Thank you for your efforts, and for noticing the problems you mentioned. Are you packaging this just for yourself, or do you intend to distribute it in a repository?
I did notice a couple of problems while packaging.
First, your build scripts appear to install into the general library path(distutils.sysconfig.get_python_lib()) when it should install to the platform-dependent library path (distutils.sysconfig.get_python_lib(1)). According to the manual, I believe you should be using pyexecdir rather than pythondir. http://www.gnu.org/software/automake/manual/html_node/Python.html
Second, numpy headers appear to be included incorrectly.
>>> print numpy.get_include.__doc__
Return the directory that contains the NumPy \*.h header files.
Extension modules that need to compile against NumPy should use this function to locate the appropriate include directory. $ python -c 'import numpy; print "-I" + numpy.get_include()' -I/usr/lib64/python2.7/site-packages/numpy/core/include
However, arrayobject.h is included directly where the correct path should be numpy/arrayobject.h. Because the headers don't include that prefix, the spec file includes a static path for the headers.
These issues are now fixed in the git version. Thanks!
Similarly, the cairomm headers are included without a prefix.
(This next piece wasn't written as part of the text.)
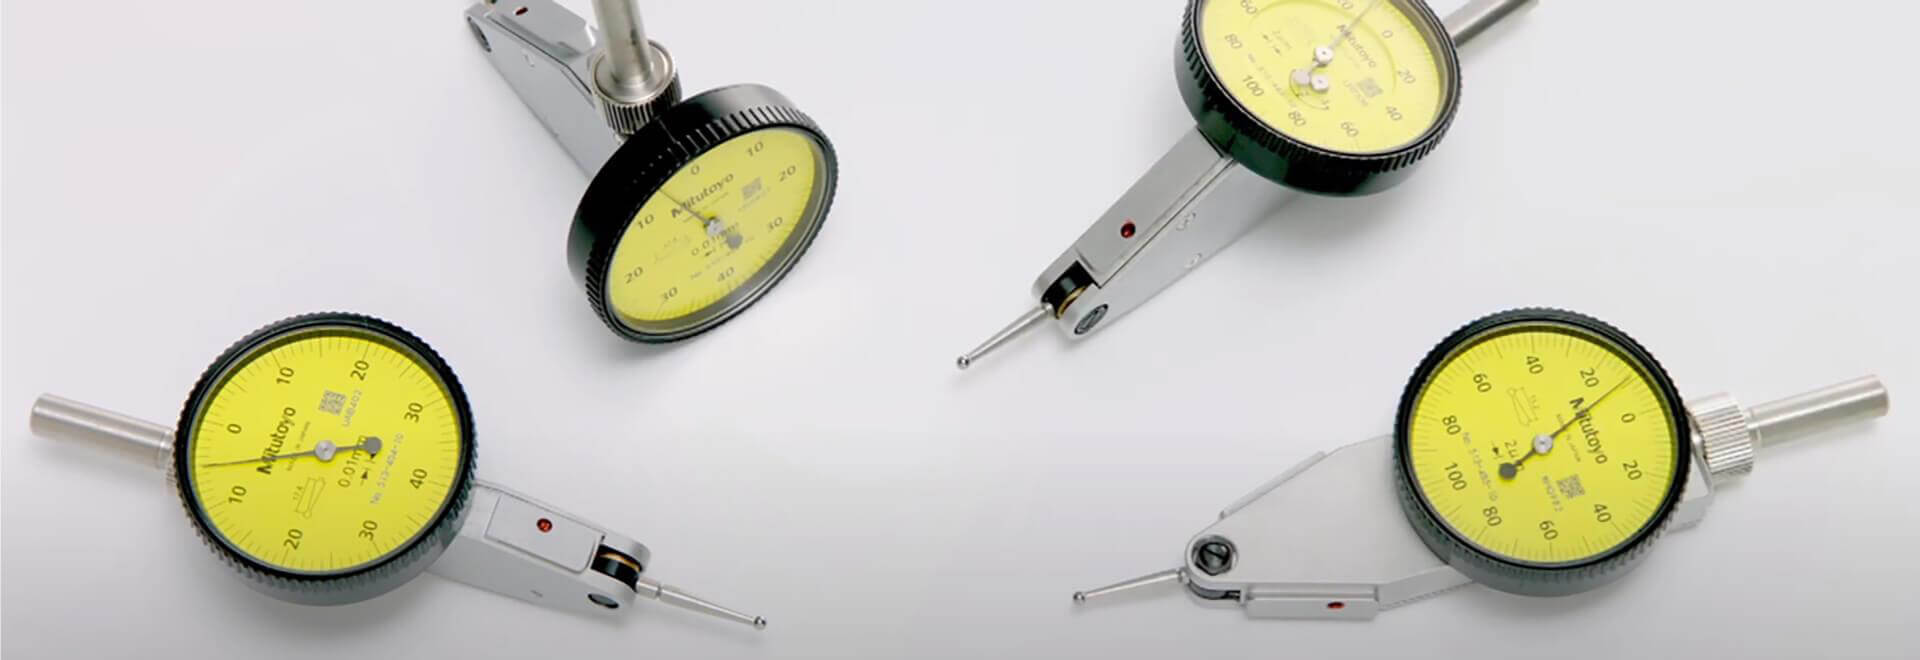 Đồng hồ so cơ khí

# pkg-config --cflags cairomm-1.0 -I/usr/include/cairomm-1.0 -I/usr/include/cairo -I/usr/include/sigc++-2.0 -I/usr/lib64/sigc++-2.0/include -I/usr/include/pixman-1 -I/usr/include/freetype2 -I/usr/include/libpng12
cairommconfig.h is included, when the correct path is cairomm/cairommconfig.h.
For me the cairommconfig.h file is included in /usr/lib/cairomm-1.0/include/cairommconfig.h so, the is no cairomm prefix... Best, Tiago -- Tiago de Paula Peixoto <tiago@skewed.de>
On 12/08/2014 03:12 AM, Tiago de Paula Peixoto wrote:
Thank you for your efforts, and for noticing the problems you mentioned.
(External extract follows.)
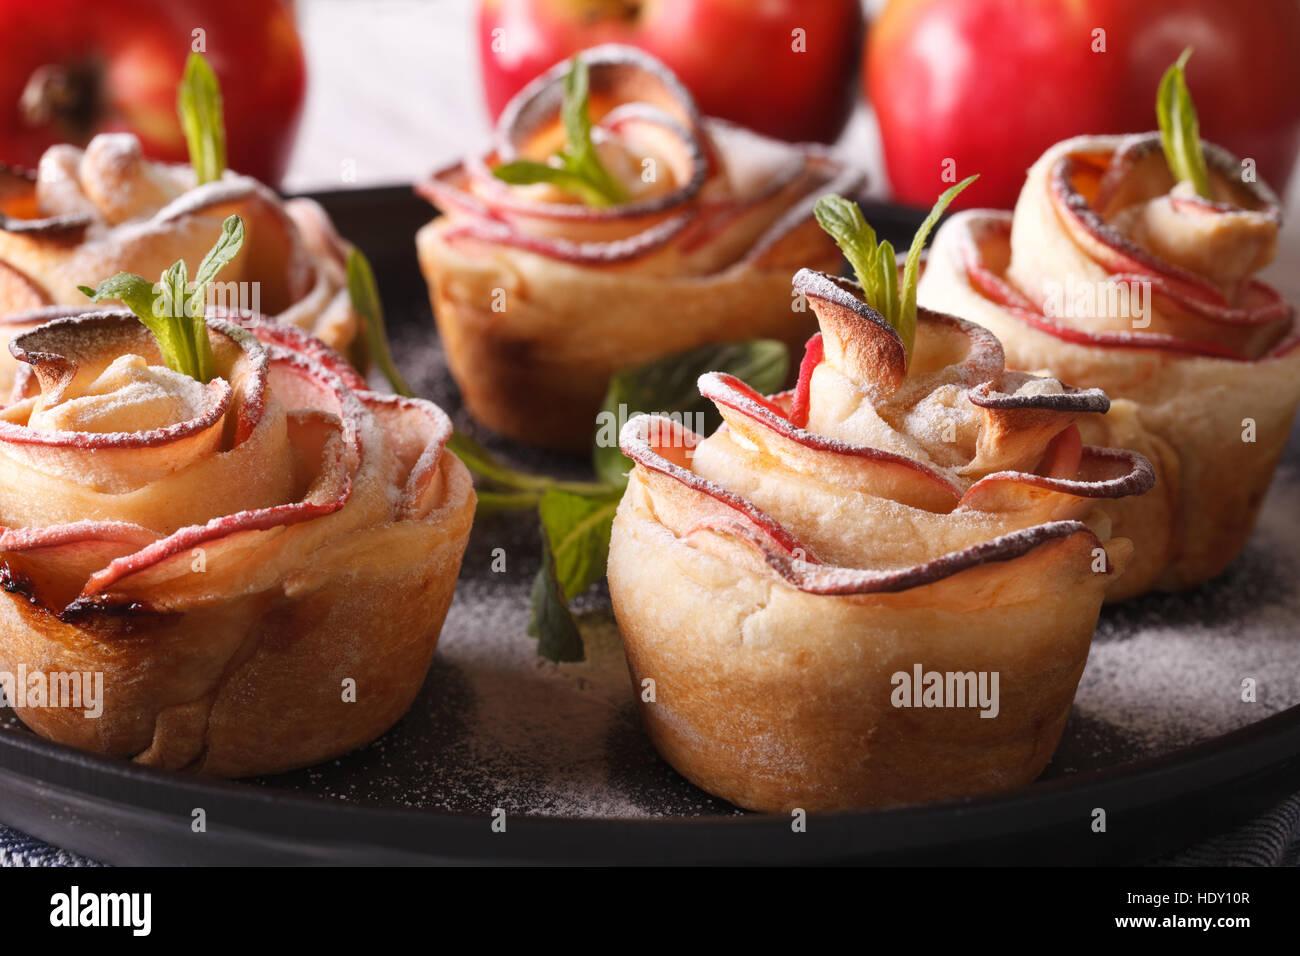 Apfelkuchen in Form von Rosen. Festliche Gebäck, horizontale Makro Stockbild

Are you packaging this just for yourself, or do you intend to distribute it in a repository?
I'm working on this to support some of the Electrical Engineering students at University of Washington. We don't currently publish a repository publicly.
For me the cairommconfig.h file is included in
/usr/lib/cairomm-1.0/include/cairommconfig.h
so, the is no cairomm prefix...
I took another look at that, and confirmed that Fedora's header is in a similar location. I'm building for CentOS 6 which has a much older version of cairomm, which probably explains the difference. I'll build on CentOS 7 at some point and fix the spec's include path. Thanks, Tiago.
I've tested building graph-tool 2.2.36 on CentOS 7. The only major challenge is that Red Hat ships boost 1.53, which means that I had to modify the packages for boost 1.54 to create a package named "boost154" that I could install in parallel with boost 1.53. For rpm systems that ship boost 1.54 or newer, the required rpm spec is somewhat cleaner than the last one I sent. I've included that with this message. Let me know if there's anything else I can do to help ship packages for rpm based systems.
On 24.03.2015 00:14, Gordon Messmer wrote:
I've tested building graph-tool 2.2.36 on CentOS 7.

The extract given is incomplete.